On 27 October, Inspector Stanton learned that 400 fighters had arrived in Guangzhou on the "Bao'an" ship during the night and immediately sent a telegram to the Guangzhou government. The Viceroy of Liangguang instructed over 1,500 Qing soldiers to enter Guangzhou for a search and arrest operation, discovering the Nongxuehui, Wang's ancestral hall, and other related locations. Sun Yat-sen attended the Sunday service at the Gospel Hall of missionary Qu Fengchi in Henan, where he worshiped with congregants from both Hong Kong and local Guangzhou. After the service, Sun disguised himself in women's clothing and, under the cover of the congregation, evaded the searchers. He took a small private boat to Tangjiawan, where he switched to a sedan chair and traveled to Macau. Li Jiazhuo suddenly led a raid on the Wang's ancestral hall and the Nongxuehui at Shuangmendi, where he captured Lu Haodong, Cheng Huai, and Cheng Ci. Approximately 400 people, along with their weapons, had boarded the *SS Powan* on 27 October. Early in the morning on 28 October, the ship was intercepted by the county magistrate, who, with orders from the stationed military, successfully captured them. Unexpectedly, as the members' deployment was nearly finalized, a secret telegram arrived, stating that the two armies from the southwest and northeast had been blocked midway.

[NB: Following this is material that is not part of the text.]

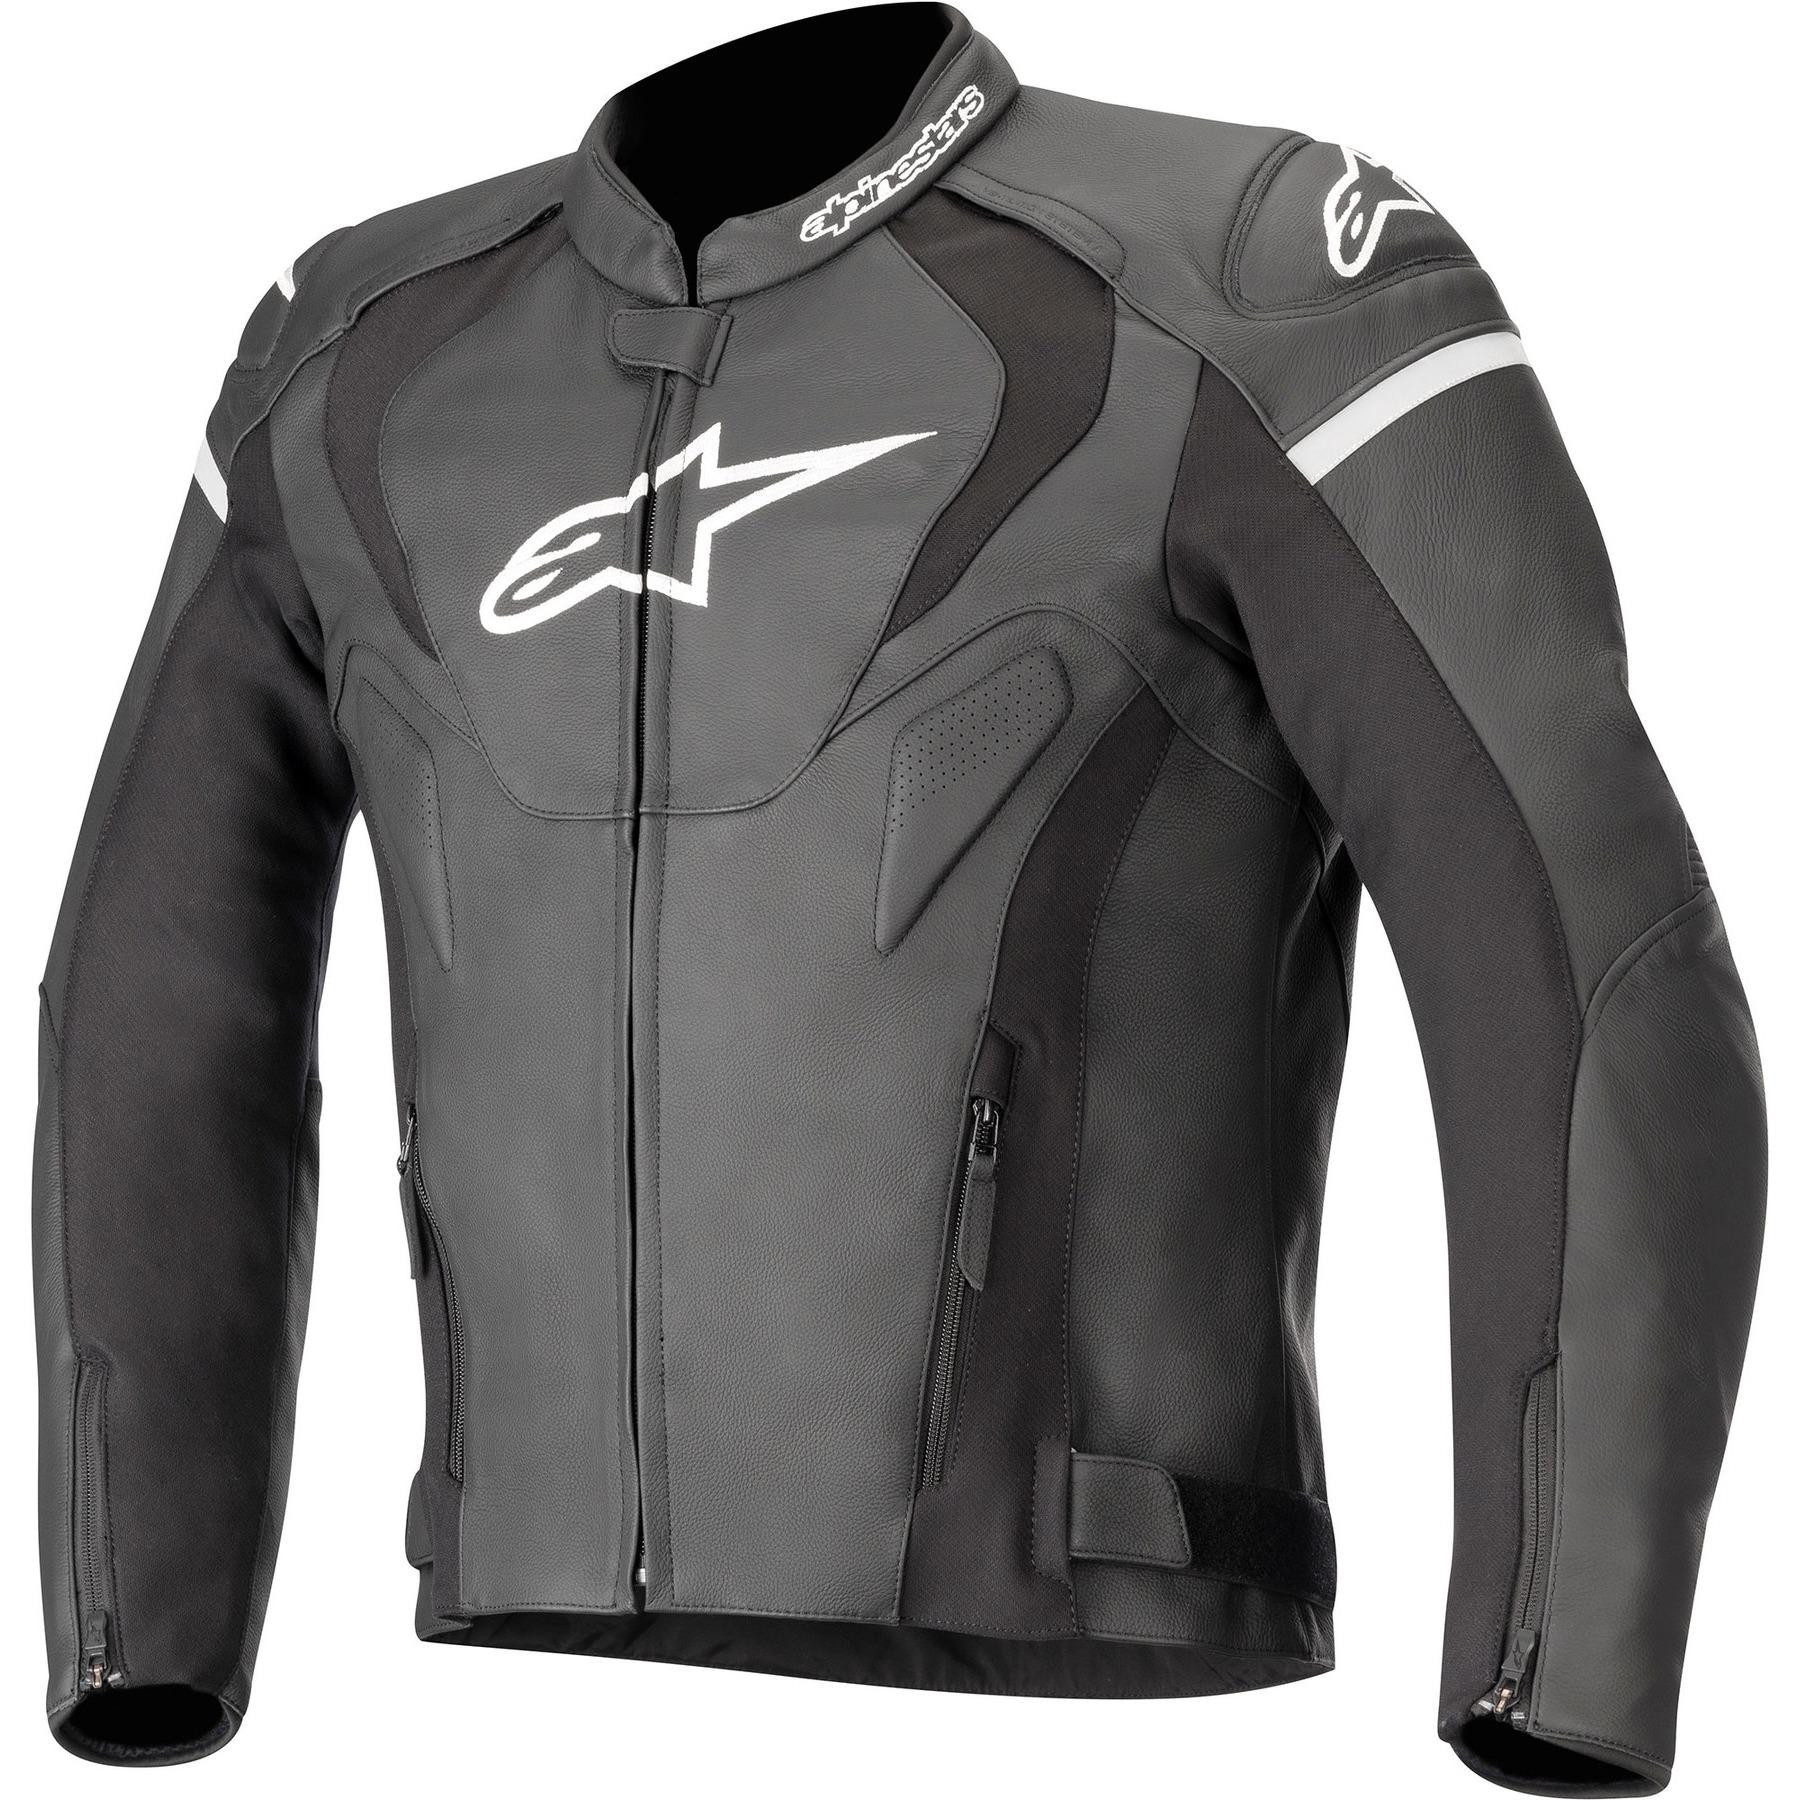 All Sizes Alpinestars Motorcycle Racing Rain Jacket

Since the two armies could not advance, the forces for reinforcement were isolated, and the plan for the uprising had thus failed. As a precautionary measure, Sun Yat-sen decided to postpone the entire operation and disband the hired forces. Sun Yat-sen took a sedan chair and managed to escape to Macau, from where he then traveled on to Hong Kong.

According to the *Zhongshan City Xiaolan Town Chronicle*, Sun Yat-sen hid in Xiaolan Town, south of Guangzhou, on the night of 27 October. He was assisted by acquaintances such as Mai Yinwei, He Zuoqian, and Mai Duanfu. On the evening of 28 October, he took the water route from Xiaolan to Macau.

On 29 October, Sun Yat-sen took a ship from Macau and arrived in Hong Kong.

== Result ==
The uprising members, led by Lu Haodong and others, were arrested by the Qing government. On 7 November, most of the members, including Lu Haodong, were arrested and executed, while Sun Yat-sen was placed under arrest warrant. Qiu Si, Zhu Guiquan, and others were executed. Cheng Kuiguang suffered severe injuries from 600 military club strikes and later died, while Cheng Yaochen died of illness in prison. In November, Sun Yat-sen decisively changed his appearance and, along with Chen Shaobai and others, went to Japan. Soon after, he established a branch of the Xingzhonghui in Yokohama. Under pressure from the Qing government, the British Hong Kong authorities issued an order of expulsion, forbidding Sun Yat-sen from entering Hong Kong. The Hong Kong government ordered the expulsion of Sun Yat-sen, Yang Quyun, and Chen Shaobai, banning them from residing in Hong Kong for five years.

== Evaluation ==
Hu Hanmin, in *The Spirit of the First Uprising Carried Out by the Chief Executive*, stated: "It was because of this uprising by Dr. Sun that the Chinese people, who had been living in a drunken stupor, were awakened. This marks the beginning of a great national cause, the starting point for the restoration of freedom and equality for the Chinese nation, and it should occupy the most important and glorious page in the history of the revolution."